Eh ben voilà : aussitôt dit, aussitôt contredit. Récemment (c'était il y a quelques mois en regardant Meet John Doe aka L'Homme de la rue de Capra) je me faisais la remarque peu aimable au sujet de Gary Cooper qui m'apparaissait de plus en plus comme un Cary Grant du pauvre. Et le voilà ici en milliardaire américain vieillissant de passage à Paris, tout à fait à l'aise dans son rôle, loin des personnages de cowboy archétypaux et rigides qui m'attristent plus qu'ils m'agacent. Il occupe ici un rôle proche de celui qu'il incarnait 20 ans avant dans La Huitième femme de Barbe Bleue, et la référence à Ernst Lubitsch n'est pas tout à fait innocente tant Billy Wilder semble ici rechercher des liens avec les comédies sophistiquées des années 30.

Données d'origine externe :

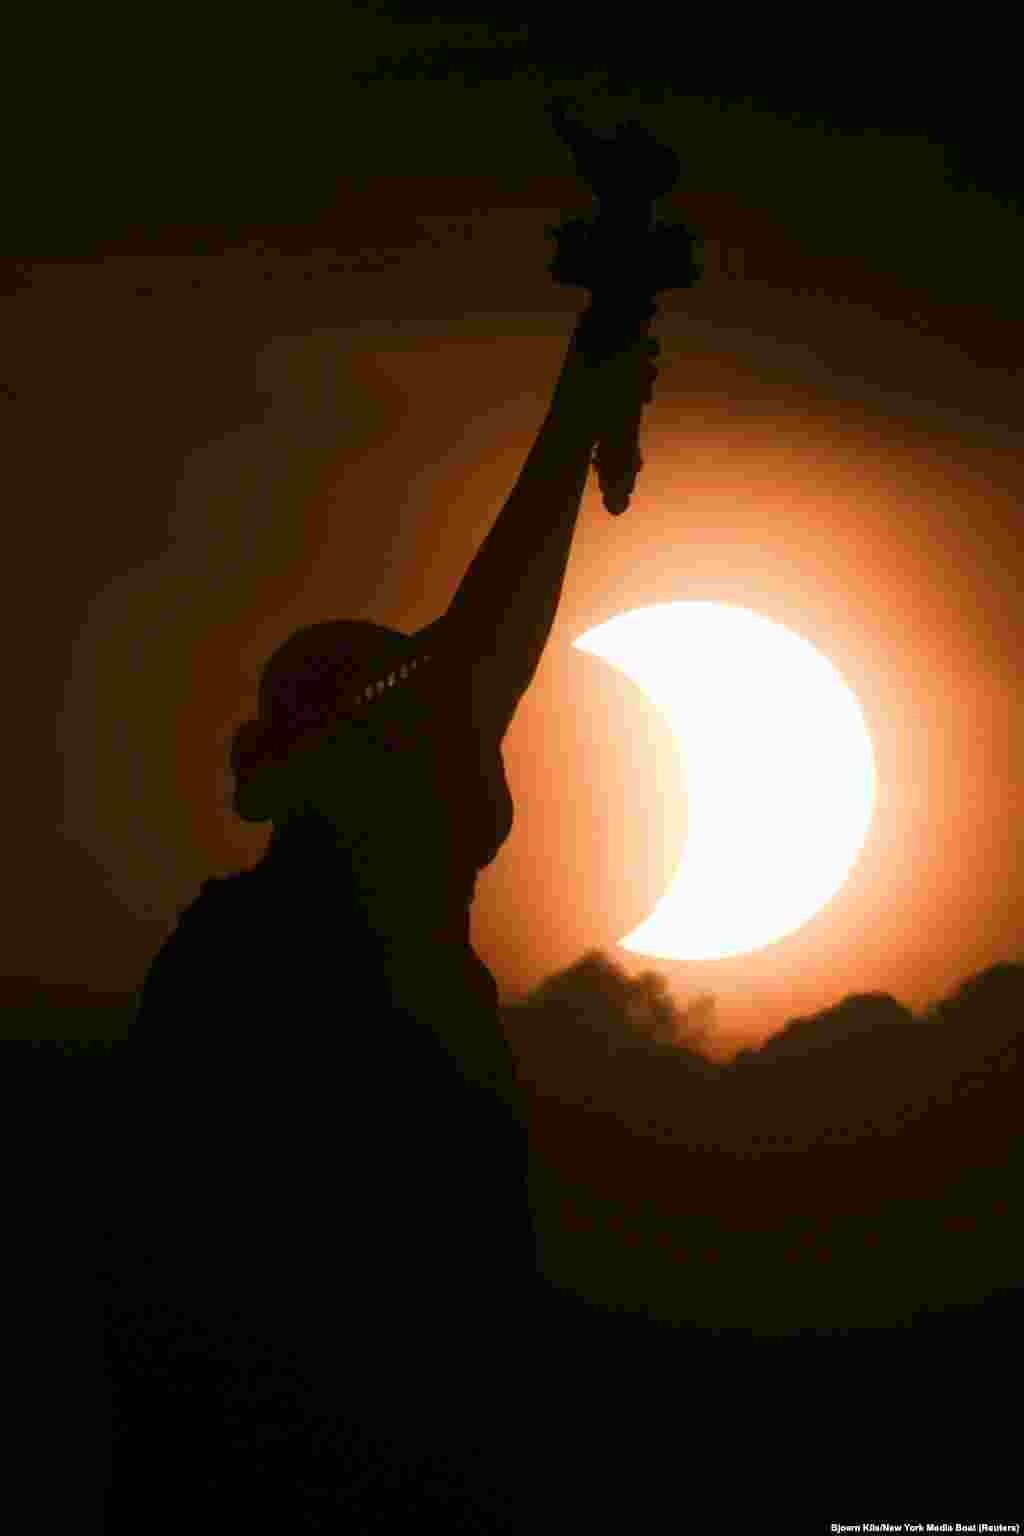 Частково затемнене сонце сходить за статуєю Свободи в Нью-Йорку, США

Bon après il ne faut pas exagérer, car Love in the Afternoon a de nombreux défauts et ne jouit pas du même charme délicat malgré la présence (toujours exquise en ce qui me concerne) de Audrey Hepburn, qui contribue énormément au charme (ou au rejet, je suppose, selon l'adhésion) de l'ensemble. Il y a un petit côté récit d'apprentissage dans son histoire, tout d'abord un peu sous la protection de son père, puis de manière inopinée dans un premier temps au contact de Gary Cooper — mais la phase d'apprentissage sera très rapide et elle gagnera son indépendance avec une vitesse surprenante, jusqu'à mener en bateau le Don Juan américain.
La partie en lien avec le travail du père, détective privé, est très légère et ne vaut le détour que pour son interprète, Maurice Chevalier. En revanche, elle permet d'aboutir sur une conclusion très surprenante : pendant tout le film, on sent qu'il y a une petite dissonance entre la toute jeune Hepburn et le vieillissant Cooper (ils ont près de 30 ans d'écart quand même, et ce fut un petit scandale à l'époque), et il faudra attendre la toute fin pour voir établi un parallèle entre le père et l'amant, unit dans un même plan qui établit la correspondance de leurs âges. Deux corps vieillissants. C'est très bien trouvé, très percutant. Il flotte sur toute l'intrigue de petites touches subversives, sur le thème du libertinage et de la liberté sexuelle pour les deux amants — avec un effet miroir qui pose des questions intéressantes — qui ont recours à différentes formes de mensonge. Selon la perspective adoptée, le sexe est tour tout épanouissant ou sale, drôle de renversement. Un petit goût de désenchantement, aussi, au milieu de la comédie romantique superficielle.
Une tirade très cliché censée caractériser la vie parisienne : "In Paris people eat better, and in Paris people make love, well, perhaps not better, but certainly more often."